Koi Herpesvirus (KHV): Its potential as a biological control agent for carp in Australia
McColl, K.A., Sunarto, A., Williams, L.M., Brown, P., Gilligan, D., Bell, K., East, I. and Crane, M., 2011. Koi Herpesvirus (KHV): Its potential as a biological control agent for carp in Australia. Presentation given at the 15th Australasian Vertebrate Pest Conference, 20–23 June, Sydney, NSW, Australia.
Evaluation of the feasibility of using Koi Herpesvirus (KHV), also known as Cyprinid Herpesvirus 3 (CyHV-3), as a biological control agent for carp in Australia is currently being undertaken at the high level bio-secure facility located at the Australian Animal Health Laboratory, CSIRO Livestock Industries, Geelong (McColl et al 2007). The project aims to demonstrate that the lineage of common carp present in Australian waters is susceptible to infection and disease when exposed to KHV. Ideally, use of KHV as a biological control agent should induce high mortality in carp under Australian conditions while other species of aquatic animals remain refractive to infection and/or disease.

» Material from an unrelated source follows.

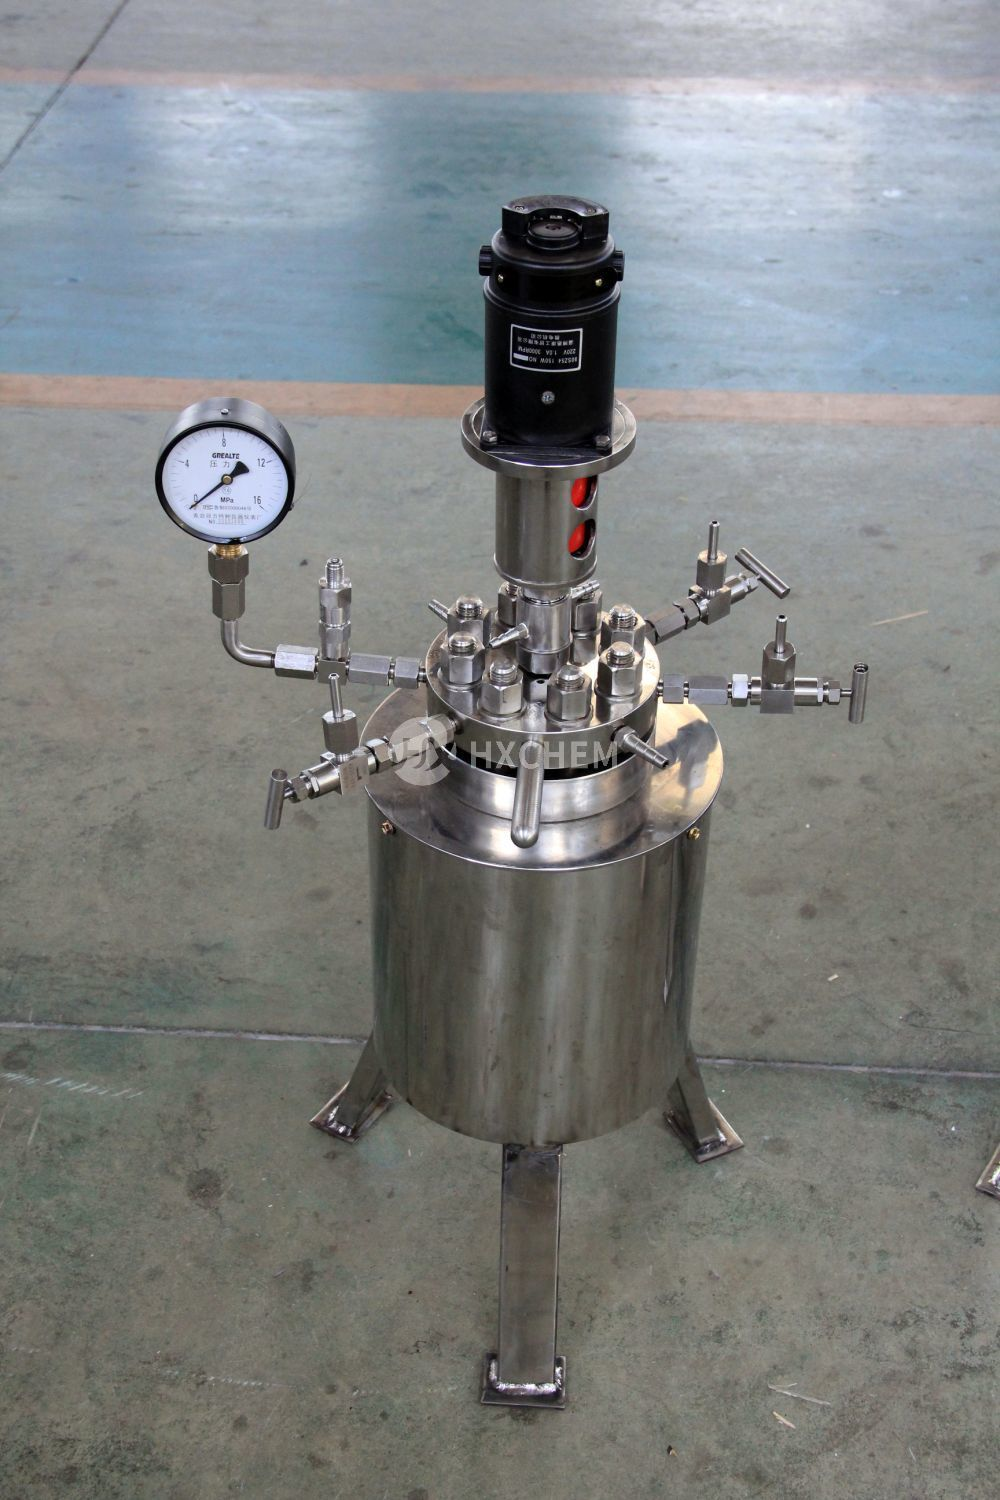 Lab pressure reactors

As part of the project, a number of tools, qPCR specific for KHV, virus isolation in cell culture, immunoassays for detection and identification of KHV were established to facilitate this research. Thus it has been shown that carp sampled from Australian waters are highly susceptible to infection and disease, carp hybrids appear to be less susceptible and other species of finfish are refractory to infection. It is likely that demonstration of resistance to infection by a range of other key species of aquatic animals will be required before use of KHV as a control agent can be considered.
Recent progress on other aspects of the project, survey of carp for related viral infections, preliminary surveys to determine prevalence of carp hybrids in SE Australian waterways as well as plans for further research will be presented.
McColl KA, Sunarto A, Williams LM and Crane MSJ. 2007, Koi herpesvirus: dreaded pathogen or white knight? Aquaculture Health International Issue 9 May 2007 pp 4–6.